Apple's shares (ticker: AAPL) have risen nearly 40% this year as investors anticipate increasing profitability due to the company's strategic shift towards services.
Last Tuesday, Apple announced details of its upcoming Apple TV + video services and Apple Arcade games.
The company also unveiled the iPhone 11, the iPhone 11 Pro and the iPhone 11 Pro Max. These new phone models feature faster processors, improved camera quality and longer battery life. The new iPhones are available for pre-order last Friday and will be available for sale in stores on September 20th.
Rosenblatt Securities analyst Jun Zhang on Monday reiterated his sales note for Apple's shares, citing weak pre-order data based on his analysis of wait times and checks with retailers.
Zhang estimated that weekend pre-orders were about 20% lower for the iPhone 11 Pro / Max and 15% lower for the iPhone 11, compared with comparable models in the UK. Last year. Other analysts have written that sales were on a "good start".

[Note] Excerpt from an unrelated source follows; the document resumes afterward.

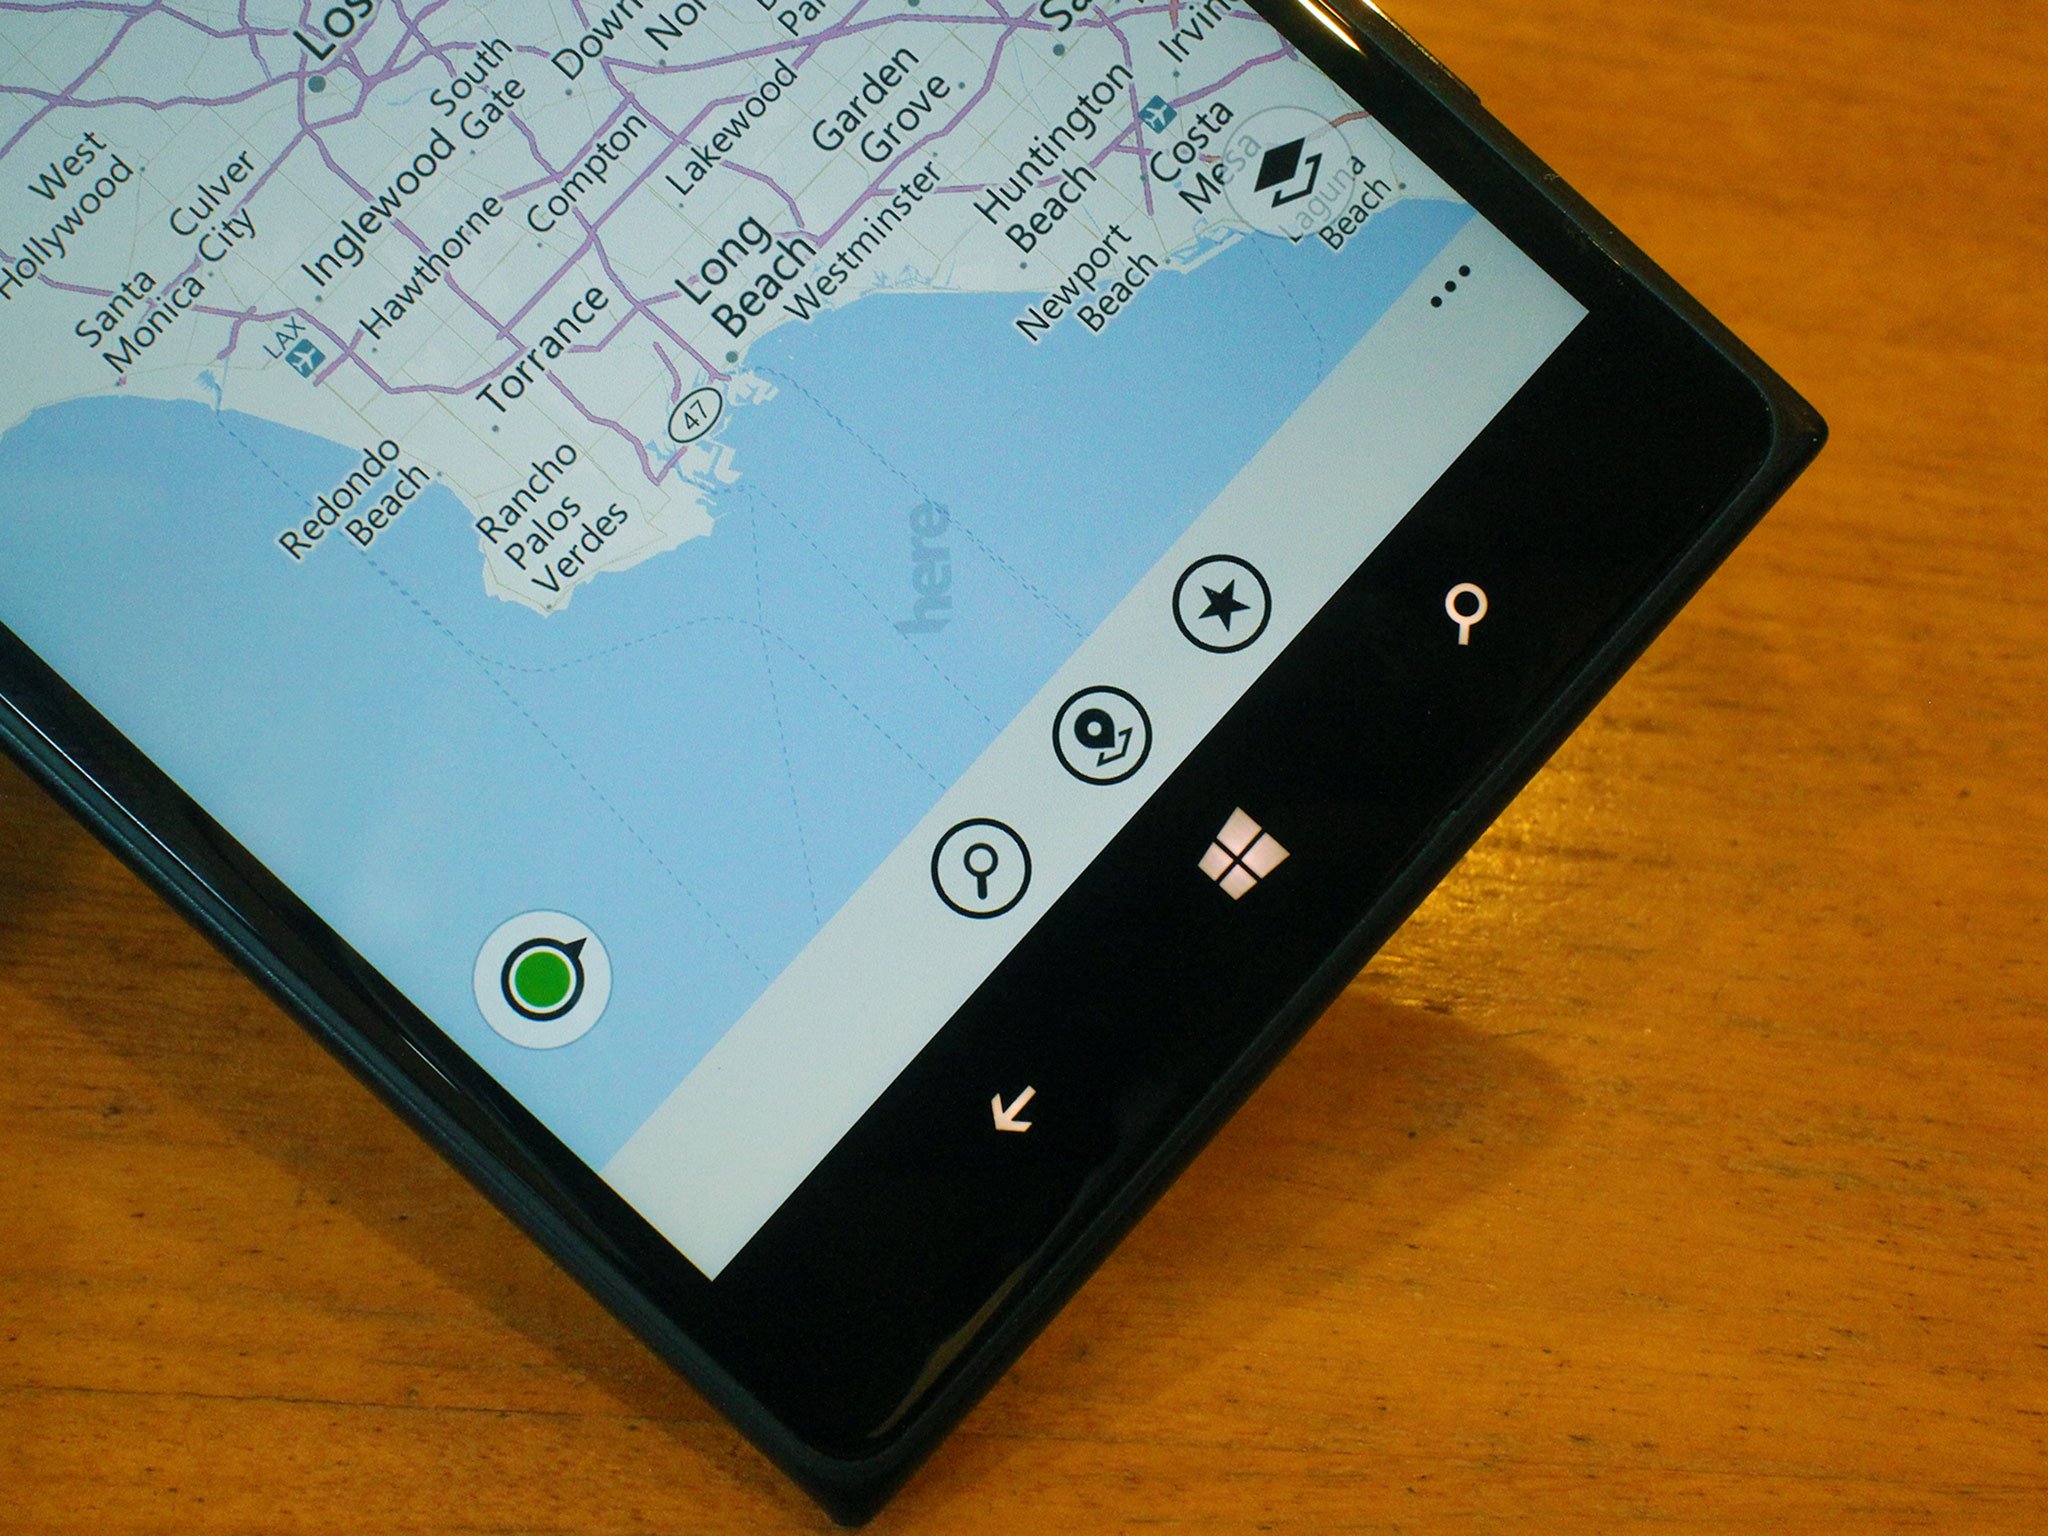 How To Move Offline Map Data To Your Sd Card In Windows Phone

Apple's shares rose 0.2% to $ 219.17 on Monday, while the Dow Jones industrial average lost 0.5%. The company did not immediately respond to a request for comment on the report.
Zhang reaffirmed his forecast of $ 150 for Apple's action, about 30% less than the recent price. Investors hope that Apple will be able to compensate for the disappointments of the iPhone with the improvement of its services business. But that could be a difficult task, as Barron recently wrote.